As it happens, on your GCC `int`

is indeed 32 bits. This is important, because it means that all values of `uint16_t`

can be represented as an `int`

. There is no overflow.

Hence, `check & 0xFFFF`

is a simple case. The right side is already an `int`

, the left side promotes to `int`

, so the result is `int(0x8123)`

. This is perfectly fine.

Now, the next operation is `0x8123 << 16`

. Remember, on your system `int`

is 32 bits, and `INT_MAX`

is `0x7FFF'FFFF`

. In the absence of overflow, `0x8123 << 16`

would be `0x81230000`

, but that clearly is bigger than `INT_MAX`

so there is in fact overflow.

Signed integer overflow in C++11 is Undefined Behavior. Literally any outcome is correct, including `purple`

or no output at all. At least you got a numerical value, but GCC is known to outright eliminate code paths which unavoidably cause overflow.

[edit]
Newer GCC versions support C++14, where *this particular form of overflow* has become implementation-defined - see Serge's answer.

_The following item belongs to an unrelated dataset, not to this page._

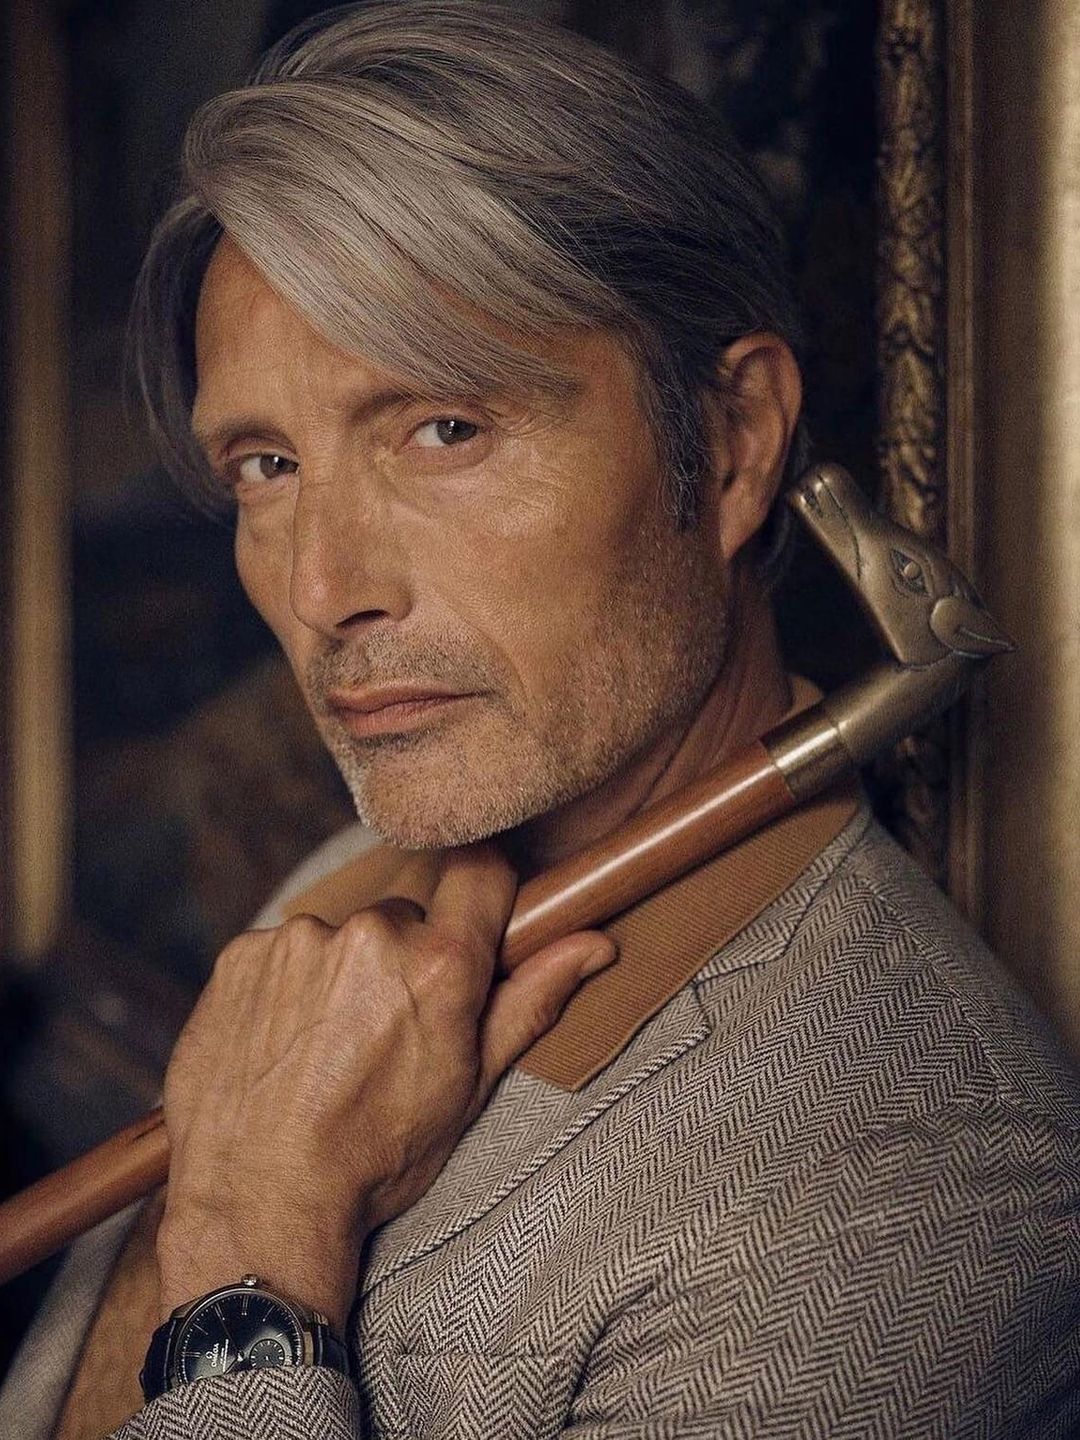 Mads Mikkelsen in his youth

Your platform has 32-bit `int`

.

Your code is exactly equivalent to

```
#include <iostream>
#include <cstdint>
int main()
{
uint16_t check = 0x8123U;
auto a1 = (check & 0xFFFF) << 16
uint64_t new_check = a1;
std::cout << std::hex << new_check << std::endl;
auto a2 = (check & 0xFFFFU) << 16;
new_check = a2;
std::cout << std::hex << new_check << std::endl;
return 0;
}
```

What's the type of `a1`

and `a2`

?

- For
`a2`

, the result is promoted to`unsigned int`

. - More interestingly, for
`a1`

the result is promoted to`int`

, and then it gets sign-extended as it's widened to`uint64_t`

.

Here's a shorter demonstration, in decimal so that the difference between signed and unsigned types is apparent:

```
#include <iostream>
#include <cstdint>
int main()
{
uint16_t check = 0;
std::cout << check
<< " " << (int)(check + 0x80000000)
<< " " << (uint64_t)(int)(check + 0x80000000) << std::endl;
return 0;
}
```

On my system (also 32-bit `int`

), I get

```
0 -2147483648 18446744071562067968
```

showing where the promotion and sign-extension happens.